▸ EXERCISE PROMPT
Retype the whole listing below exactly, keeping every picture out of it.

▸ GIVEN MATERIAL
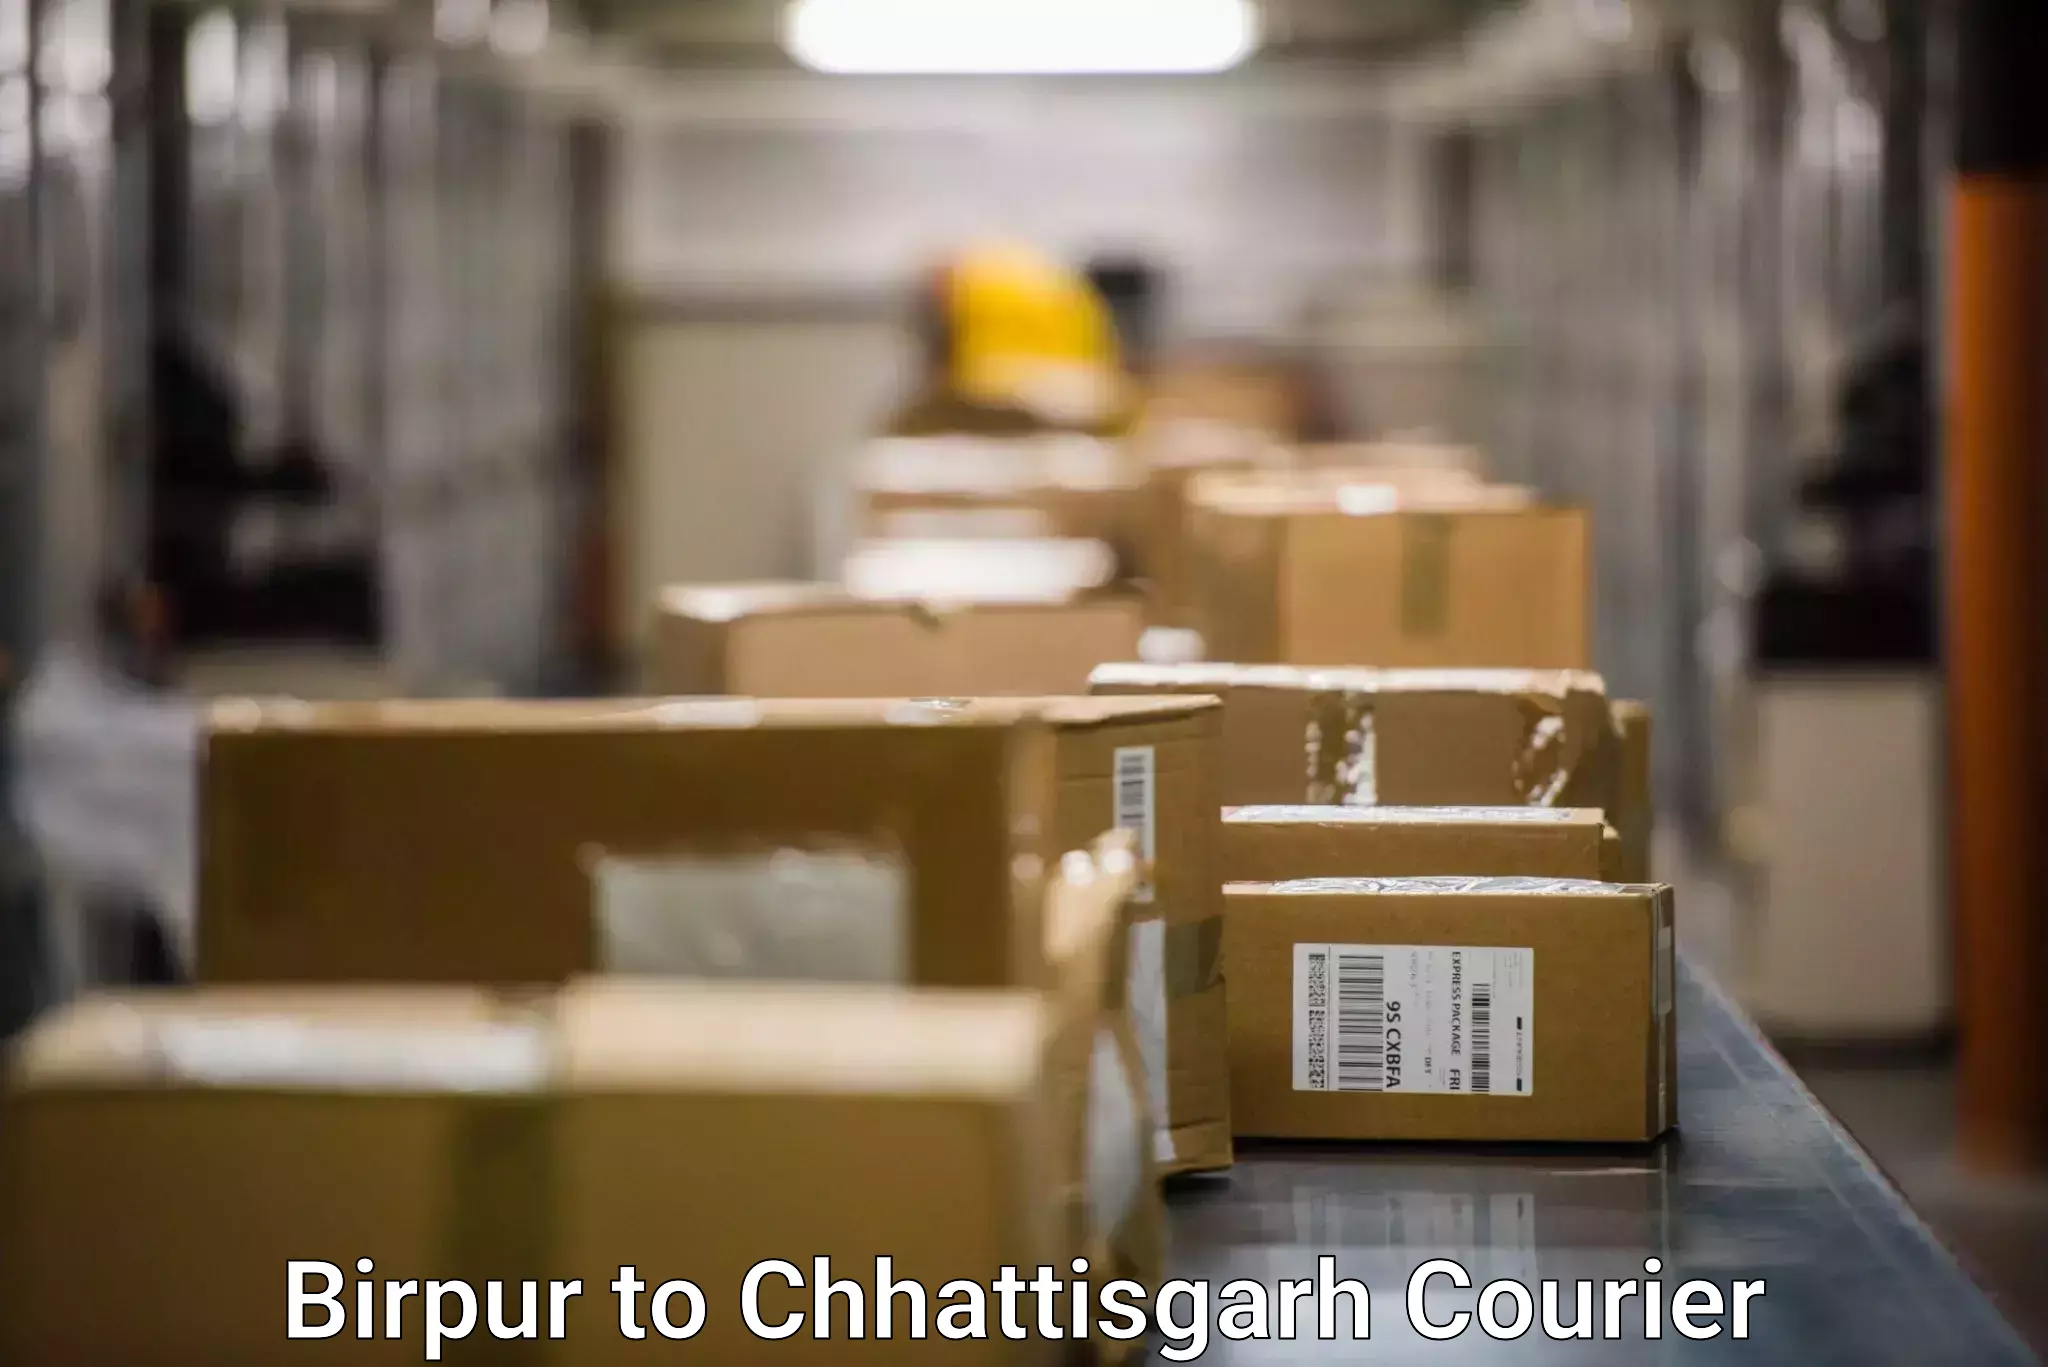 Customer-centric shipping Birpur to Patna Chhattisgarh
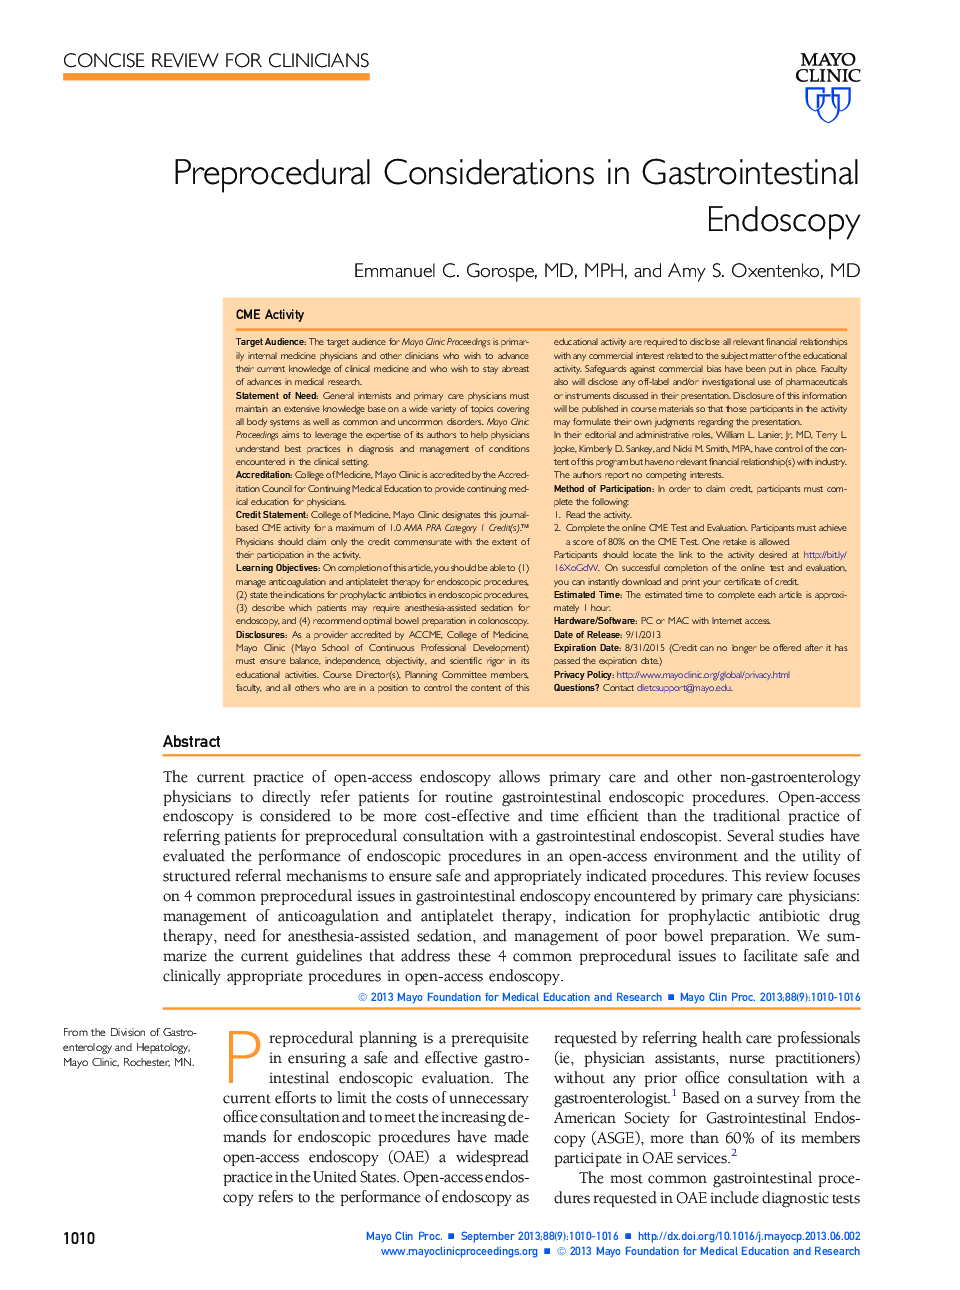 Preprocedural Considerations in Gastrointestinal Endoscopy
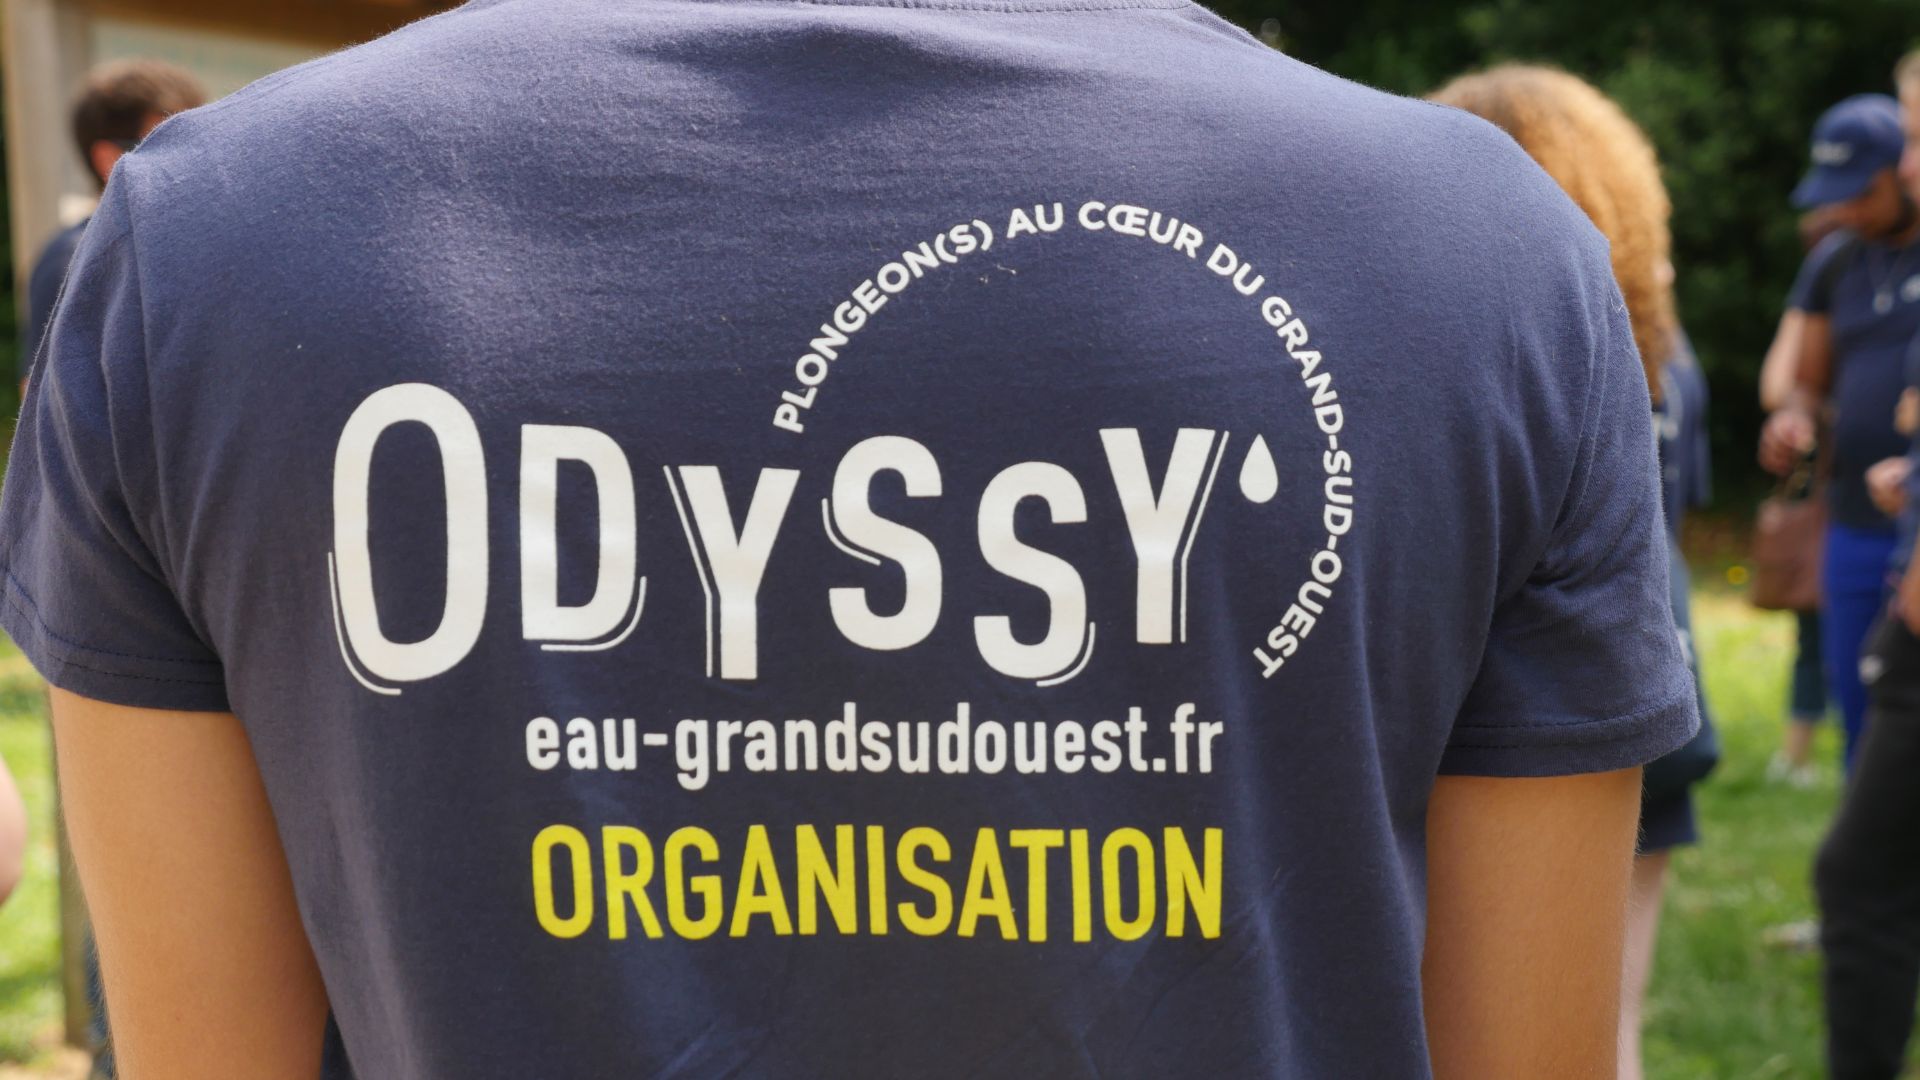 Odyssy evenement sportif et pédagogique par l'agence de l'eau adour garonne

▸ OUTPUT OF THE EXERCISE
 Customer-centric shipping Birpur to Patna Chhattisgarh
 Preprocedural Considerations in Gastrointestinal Endoscopy
 Odyssy evenement sportif et pédagogique par l'agence de l'eau adour garonne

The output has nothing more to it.